No. 105

Alter

By : Byron Rich

Entrant’s location : United States

LINKS

Description

With Alter, I attempt to raises awareness of the proliferation of endocrine disruptors—compounds that interfere with sex hormones—in the environment. Alter displays a frog that has been exposed to Atrazine, a herbicide commonly used by American agricultural corporations. Atrazine is a dangerous endocrine disruptor common in the food supply, and it altered the hormone levels in this frog to make it classifiable as “intersex.” Alter highlights the hypocrisy of a corporate system that uses chemicals known to disrupt hormones associated with gender expression, when individuals in those same organizations often espouse right-wing ideologies upholding rigid gender norms by displaying both the nonhuman and the anthropocentric product within the confines of an inverted cross. Frogs are indicator species, meaning they manifest effects of toxic contamination. Thus Alter speculates on a possible future, alerting the audience to potentially profound effects wrought on the body by corporate interests. By using an indicator species to highlight the effects of human activity on the nonhuman, in this case through mutation, I am looking into a speculative future where the profit-centric ideology of the American right operates in opposition to the “traditional” values they espouse. Mutation towards an “intersex” human future, in my speculative imagining, is the result of this internally oppositional ideology. Alter ultimately speculates on a future where co-creation occurs by the interjection of profit-oriented ideals into ecosystems, and, through a twist of irony, a landscape emerges where hybridity and gender nonconformity (in the sense of middle-American politics) are the mainstream modes of identification. An "intersex" future.

What did you create?

Alter is a preserved "intersex" frog, a vial of atrazine (a common and powerful endocrine disruptor), a magnifying lens, an inverted cross, and images of cornfields and a sunrise embedded in the inverted cross. I made it to try and highlight the complex relationship between endocrine disruptors (compounds that affect hormone regulation in bodies, human or otherwise), politics, and ecosystems. The cross references the political and social ideology that underpins the middle-American region in the United States where tolerance of "otherness" and the pursuit of profit come at the cost of the freedoms of those who lie outside the mainstream idea of what is "normal". The "intersex" frog demonstrates the ecological consequences of the use of powerful endocrine disruptors as herbicides.

Why did you make it?

I designed Alter to promote conversation around the complexity of the relationship between politics, science, food production and ecology.
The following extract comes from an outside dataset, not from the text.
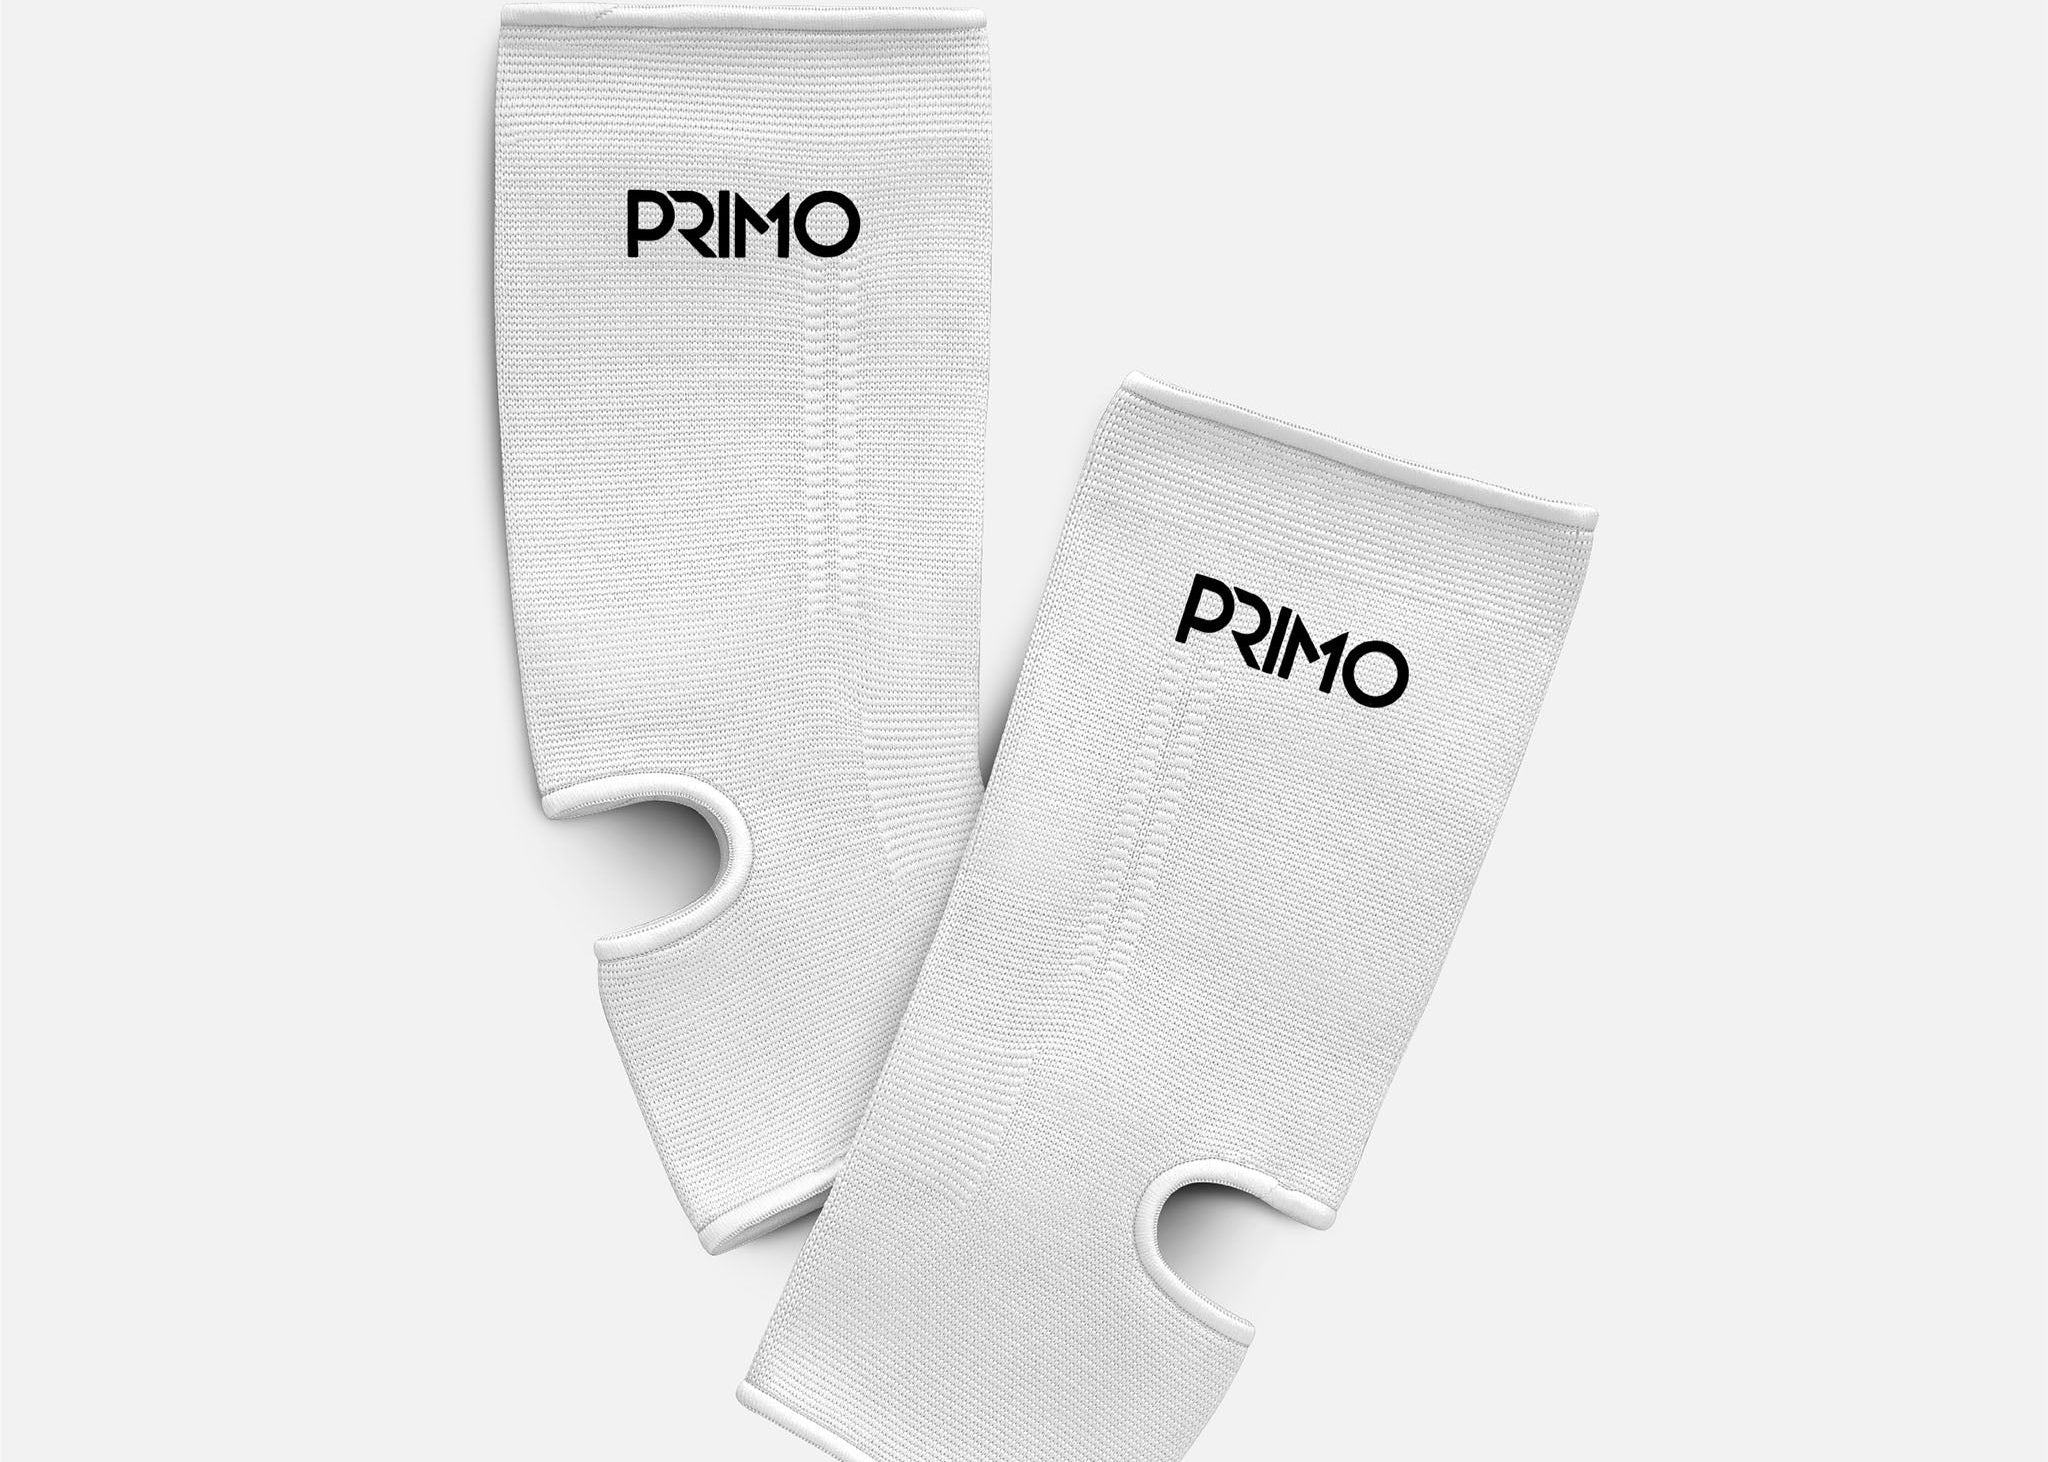 Primo Fight Wear Official Primo Monochrome Ankleguards - White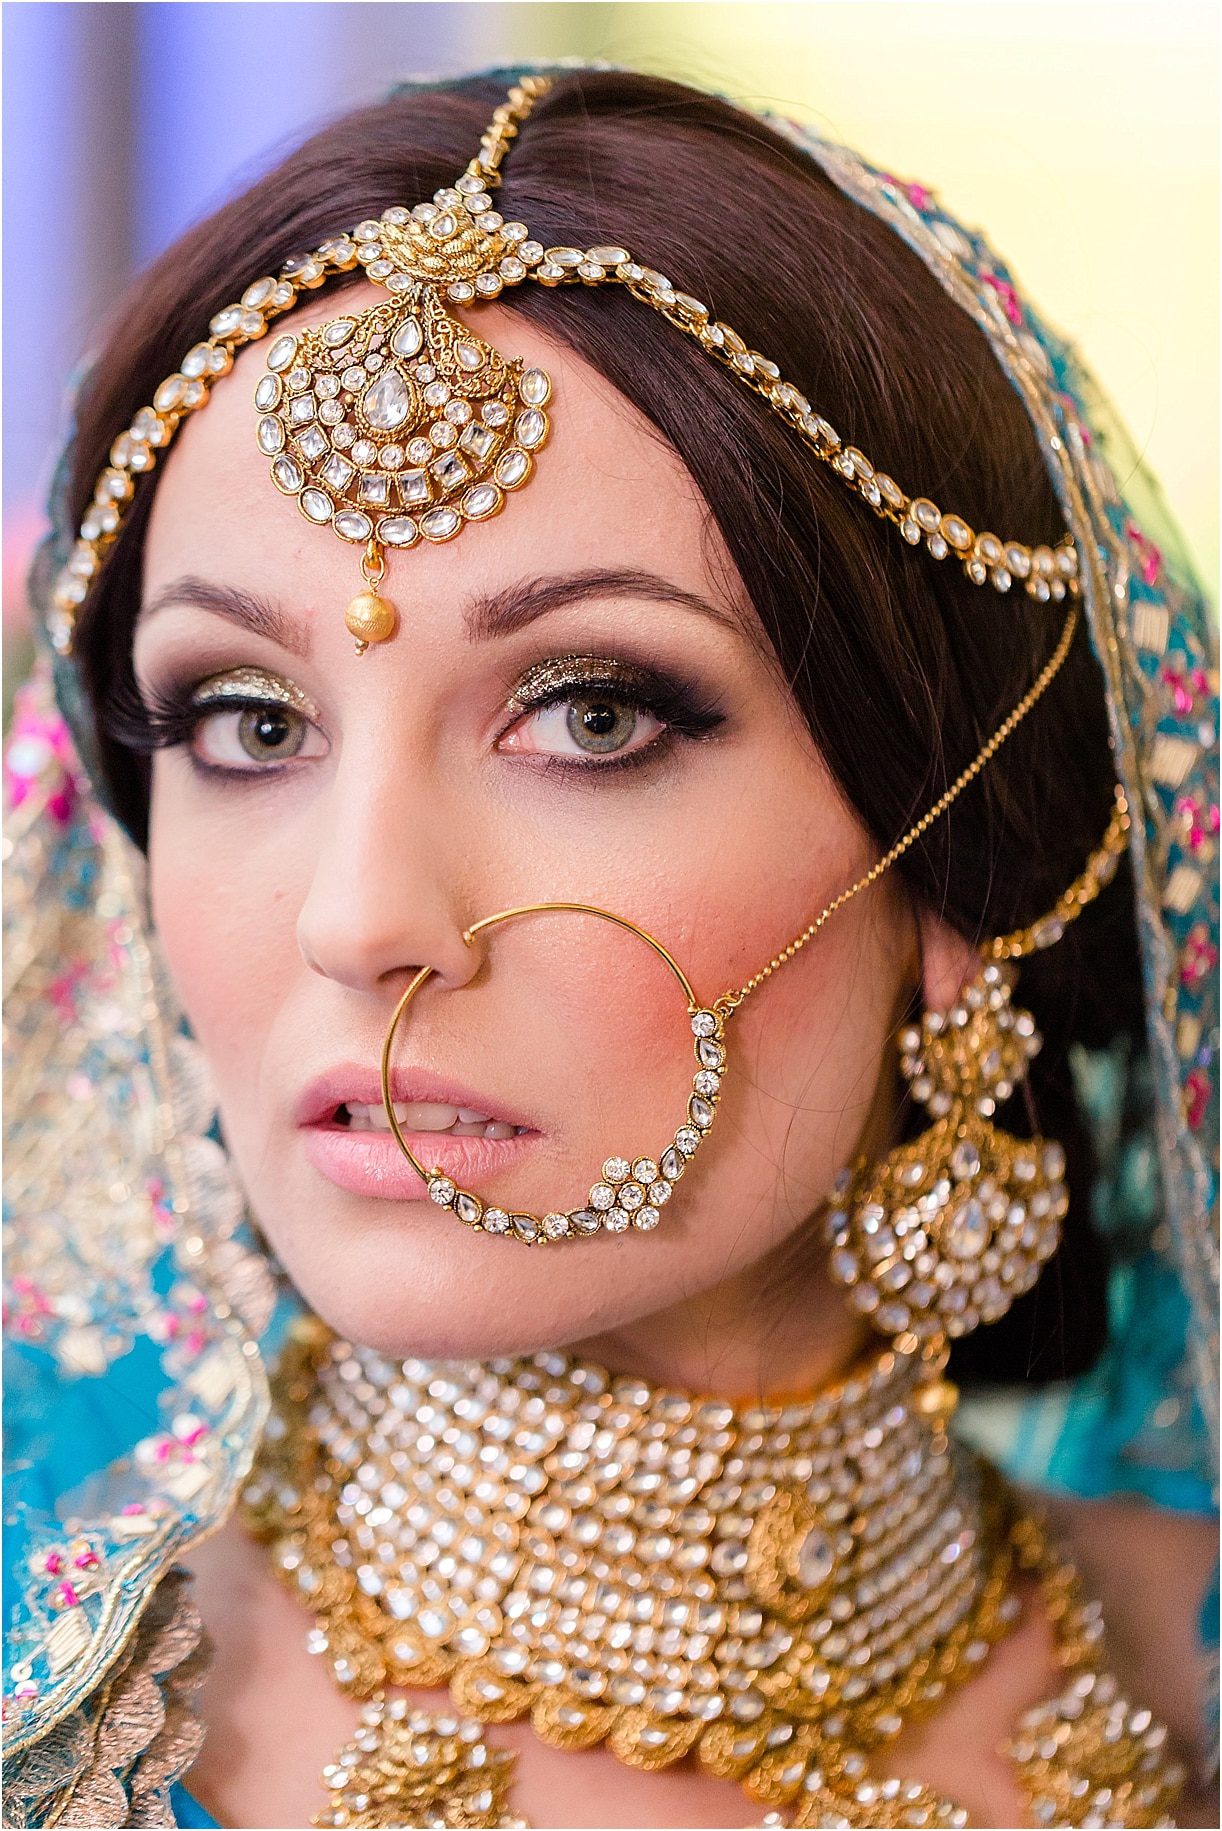 Middle Eastern Wedding | Hill City Bride Virginia Wedding Blog Travel Destination - makeup

It is supposed to promote awareness of the immensely destructive consequences of misusing chemical compounds in pursuit of profitability and to highlight the irony of conservative values of "normal", the desire for higher yields and greater profit and the unintentional result of "otherness" on human and other bodies as represented by the "intersex" frog.

How did you make it?

I produced Alter by preserving and staining an "intersex" frog, and by producing a shrine-like display of the frog, atrazine, and the inverted cross made up of idyllic images of middle America. I sued laboratory techniques to preserve the frog, and a laser cutter to develop the shrine. Furthermore, I used Illustrator to produce the cross, and a CNC machine to cut wood inlays for the shrine.

Your entry’s specification

50cm x 50cm x 50cm, CNC wood inlays, Laser cut acrylic stands, stained and preserved frog, vinyl cross, digital prints, hand-round magnifying glass, and recycled glass armature. The piece weighs 1.5 kg, and is 250 cm2 in area.